SJAB had once had a special place in my cadet heart. They are the family that I turned to when I am remorse, stress, angry and all other adjective to describe one’s feelings. They always know the right things to say to console my sadness, subside my boiling rage and even share my joy. I treasure every single moments with them be it through struggling in camps or competitions or even bitching about certain officers/instructors. The friendship that we have built through struggles is stronger than any kind of friendship that I have come by so far. And as far as my hormone-imbalance-teenage years are concerned, they are the bunch of friends that are too precious to let go off.
I guess if I hadn’t go for my Officer Training Camp (OTC), none of these stupid feelings would arise.
I think I wasn’t prepared for the things that I was about to go through through OTC.
I underestimate that camp…No… I was still fiddling with whether I want to continue my service in SJAB. I wasn’t ready both mentally and physically and that was what destroys me to the last bit of my pride of being a GVSJAB member.

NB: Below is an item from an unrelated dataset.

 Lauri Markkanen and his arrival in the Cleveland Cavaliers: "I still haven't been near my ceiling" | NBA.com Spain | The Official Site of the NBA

As much as I want the memories to fade, it keeps coming back like nightmare. Shaking them off is like shaking a leech off your skin while it’s still drinking your blood. Yes it can be done, but it comes with a price… sucking out the motivation and confidence in myself. Honestly, I feel like I have disappointed every single members of my platoon mate. It’s an unpleasant feeling. You have promised them that you ace the camp but instead you come out with your head down in defeat because not only you’ve nearly fail OTC but you have lost your pride during the camp. The greatest bitter part is to explain my failures to my platoon mates.
That’s was the main reason why I MIA throughout my leadership probation as Assistant Platoon Commander (APC) to Emerald. I just couldn’t face reality to how much a failure I was as a GVSJAB APC to EMERALD because I don’t think I deserved to get such a recognized position. I drowned myself with polytechnic activities as an excuse to never go back to SJAB. And that decision was another stupid mistake that I’ve made. Until my EMERALD POP-ed, I never realized that being an APC to a platoon was an opportunity given by my GVSJAB seniors to redeem my pride and prove to them I am capable to do it. Double strikes in a row.

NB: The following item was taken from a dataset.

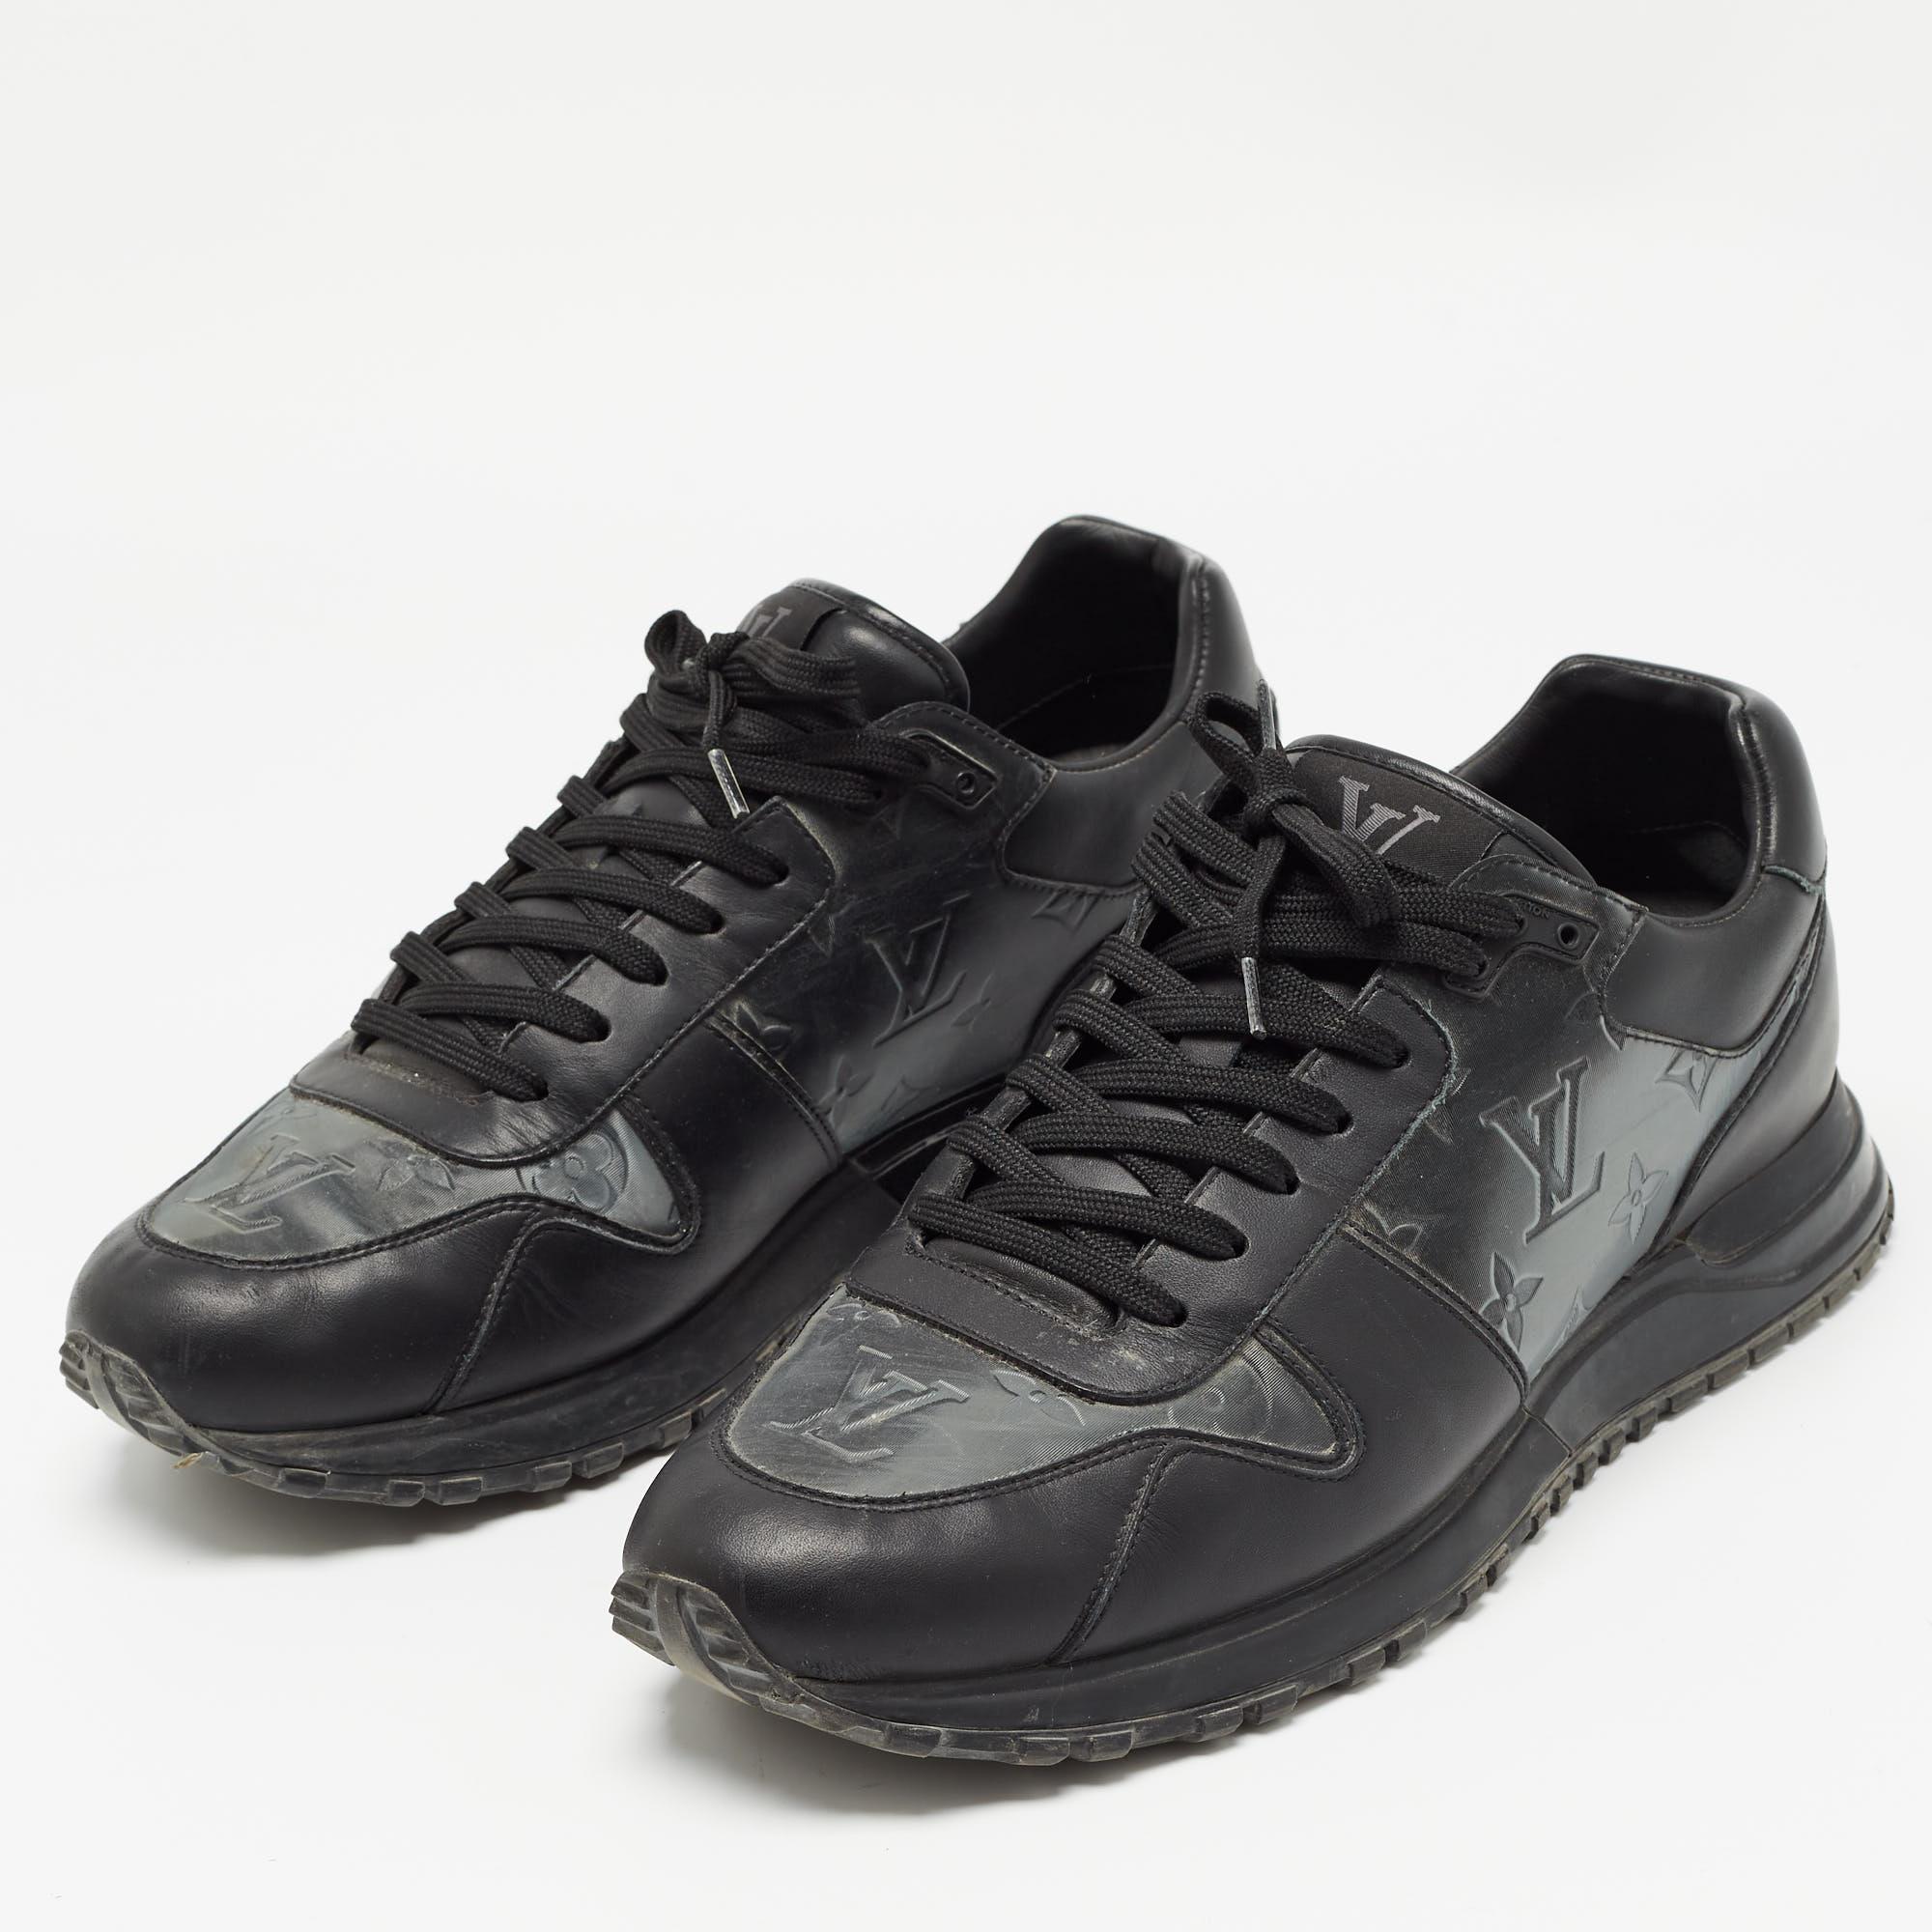 Louis Vuitton Black Monogram PVC and Leather Runaway Sneakers Size 41.5 For Sale 5

Now that my batch is taking over GVSJAB committee, I was given a chance again to step up my game. Lucky huh. 2 years of playing hide and seek and now it’s time to come out…
One thing that I am afraid most after all this years is disappointment. I just can’t handle that.
What I need is just confidence and skills. Skills can be sought and sharpen through time. Confidence? I don’t know where else to find ‘em and I am running out motivations to boost my morale.
I really do hope that my presence in the committee helps them in a way or another.
Hoping for the best is my final salvage.